* **WORK ORDER**: Below is a listing; transcribe it exactly but without any images.

* **RECORDED INFORMATION**:
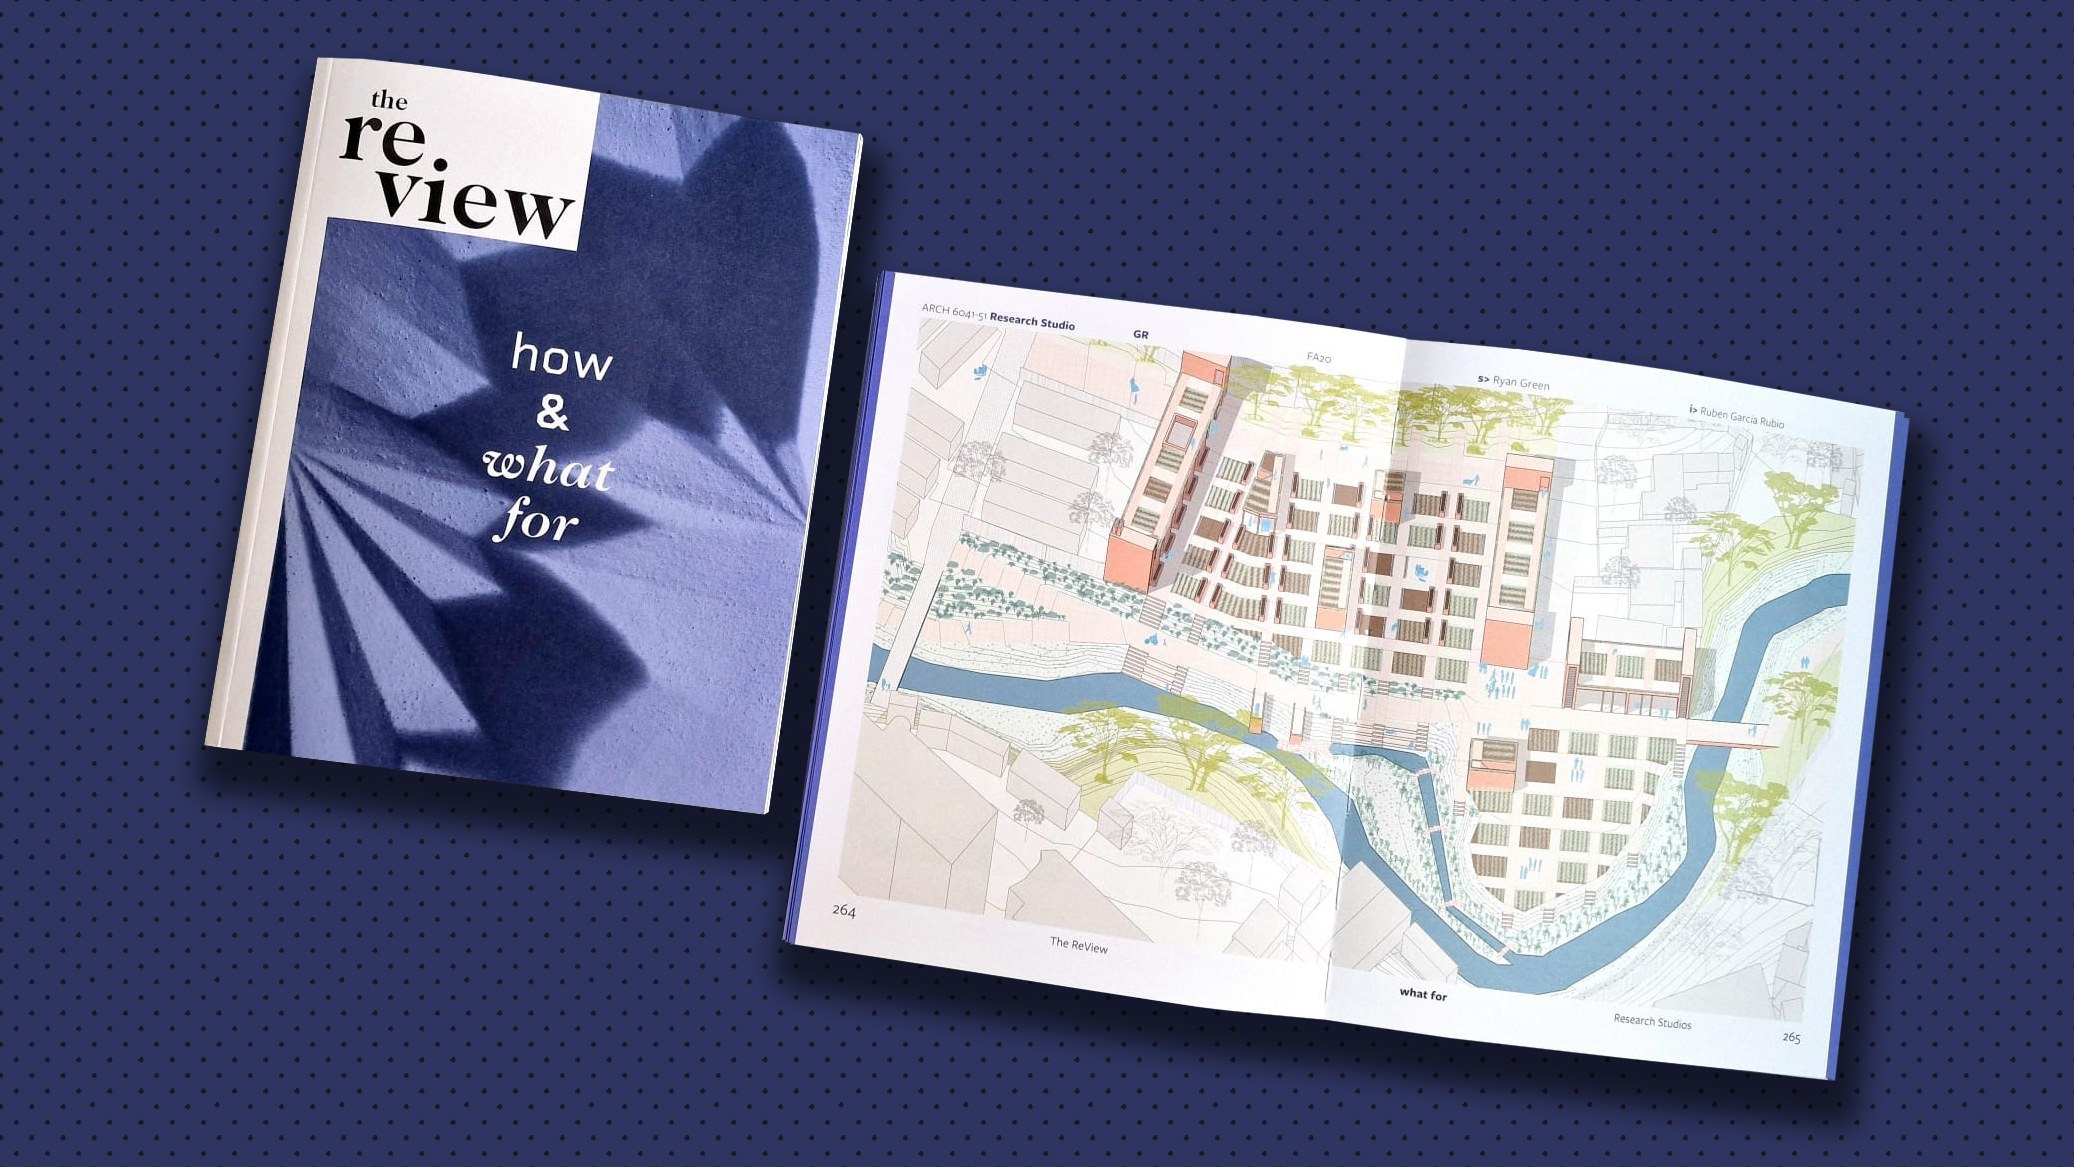 Two copies of The ReView book: left copy is closed showing the cover graphic that says "the review, how & what for"; the right copy is open to a full-page spread of a urban plan drawing showing a curved river, bridges and grid of developed and open land.
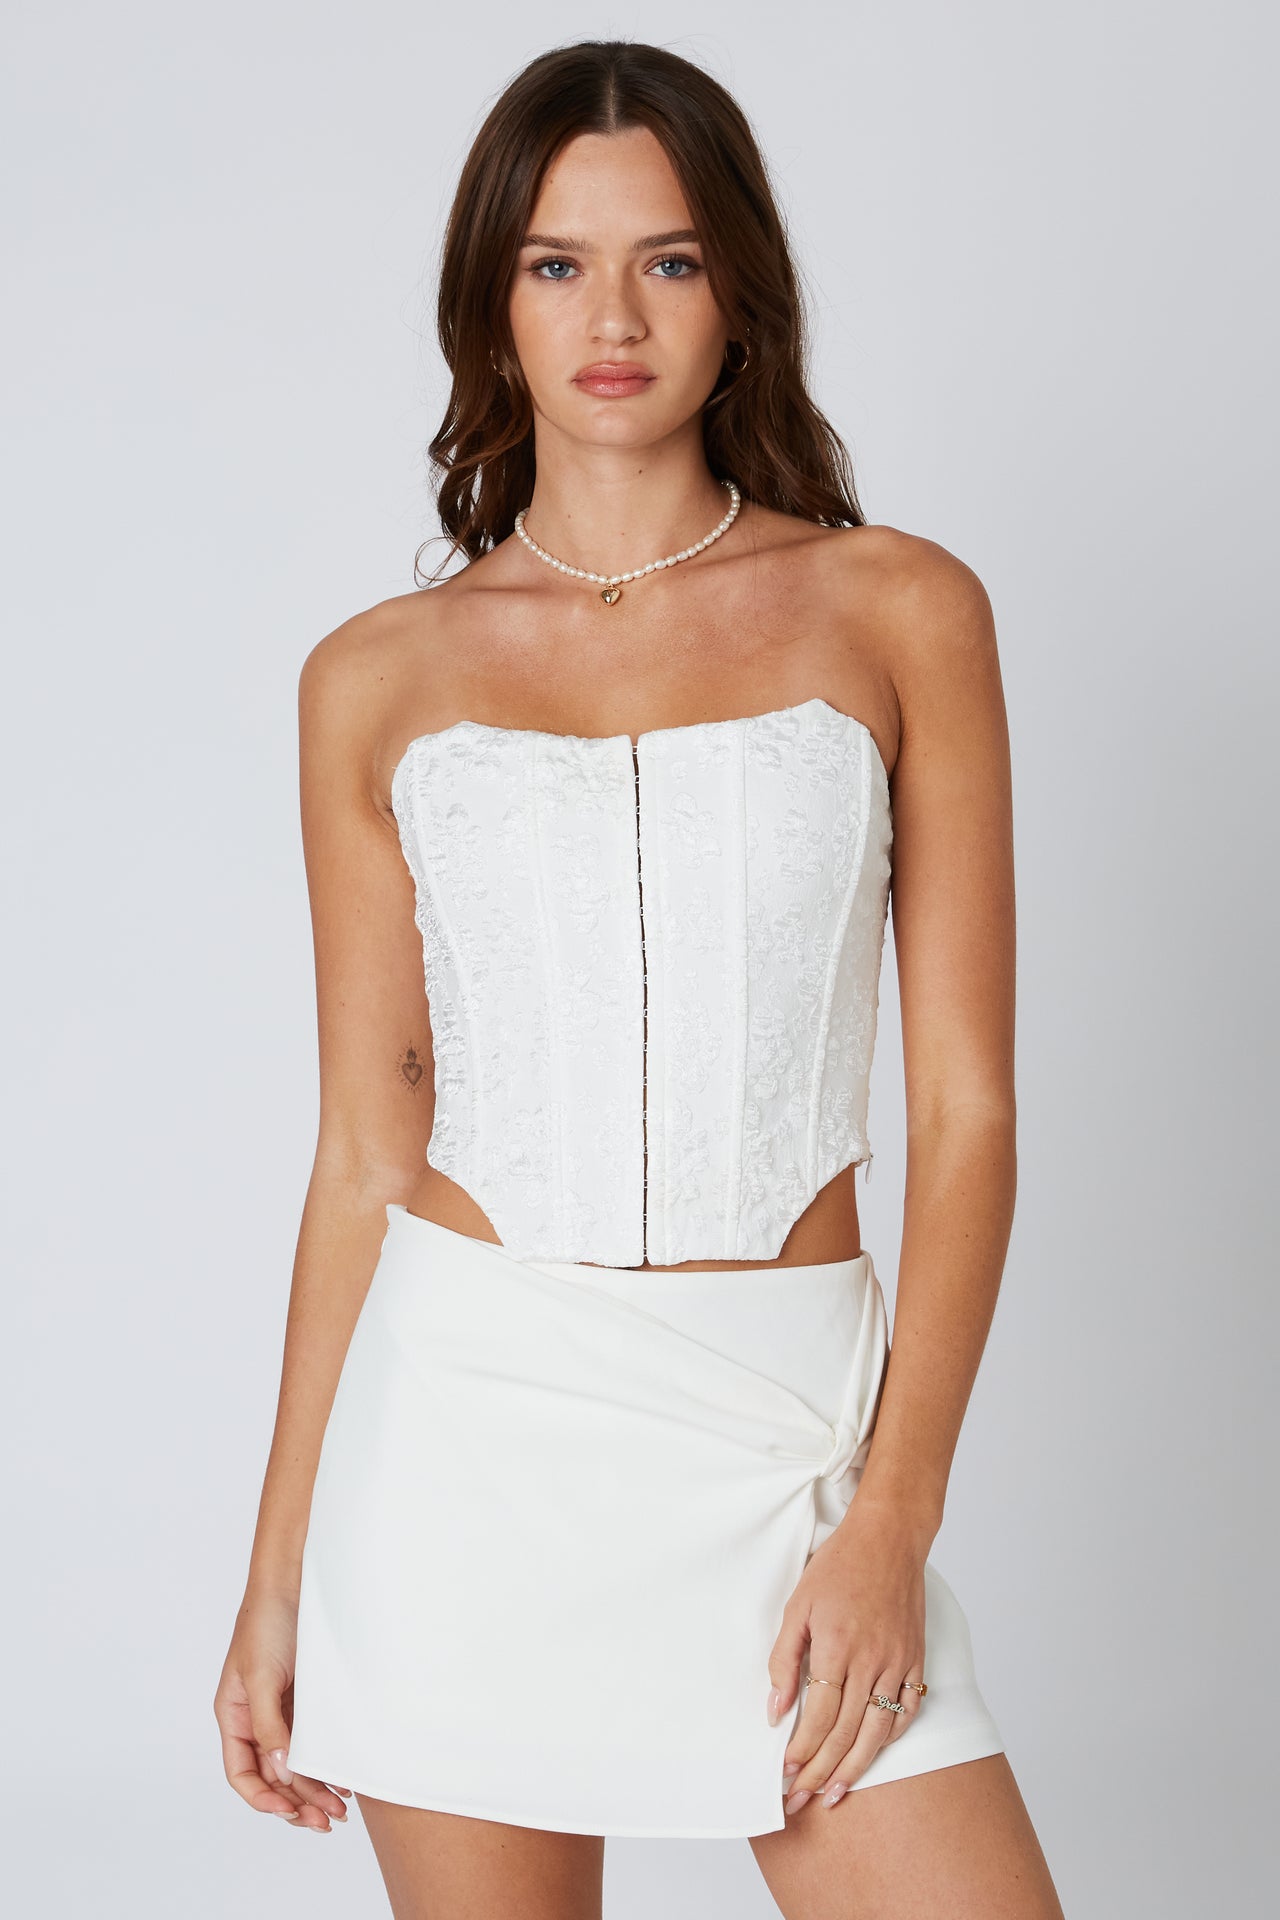 Stay With It Bustier White, Tank Blouse by Cotton Candy | LIT Boutique
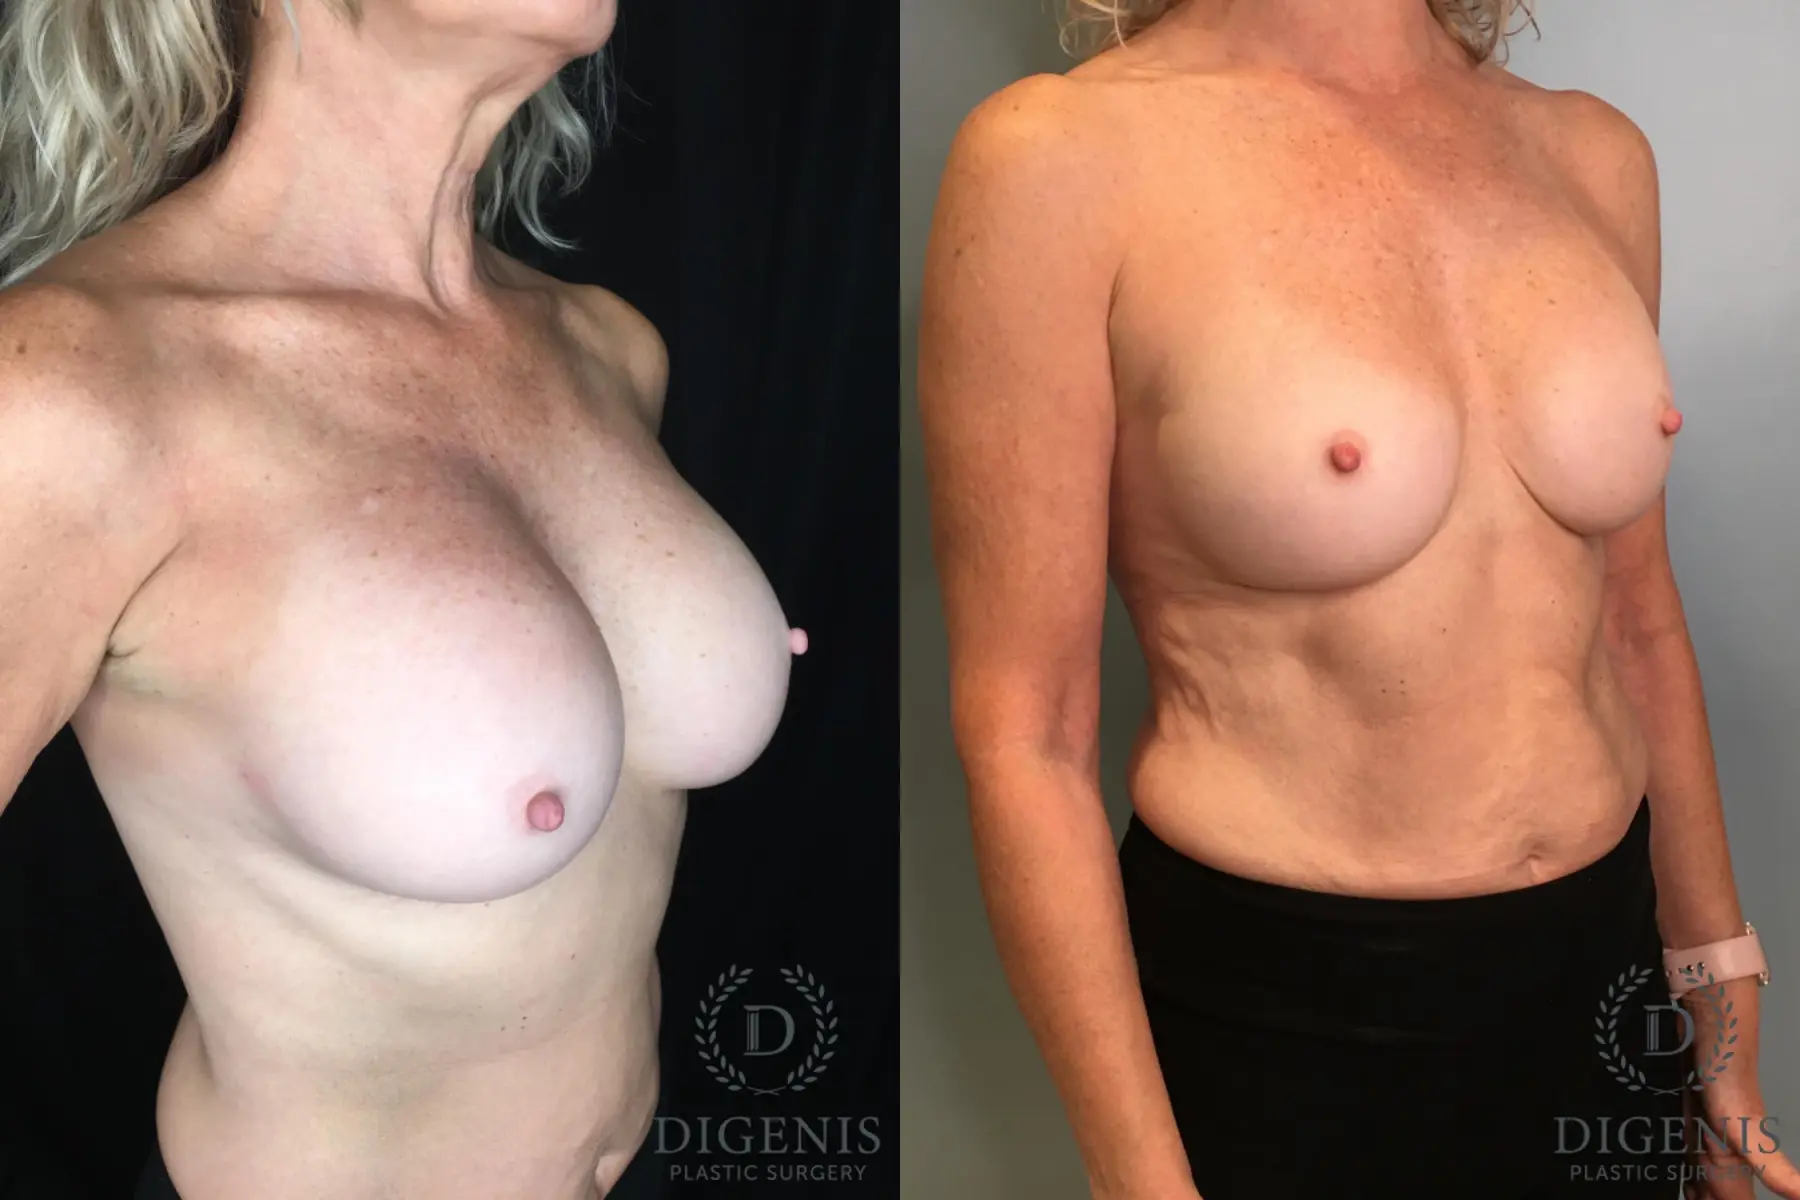 Breast Implant Exchange: Patient 4 - Before and After 2

* **TASK ANSWER**:
 Two copies of The ReView book: left copy is closed showing the cover graphic that says "the review, how & what for"; the right copy is open to a full-page spread of a urban plan drawing showing a curved river, bridges and grid of developed and open land.
 Stay With It Bustier White, Tank Blouse by Cotton Candy | LIT Boutique
 Breast Implant Exchange: Patient 4 - Before and After 2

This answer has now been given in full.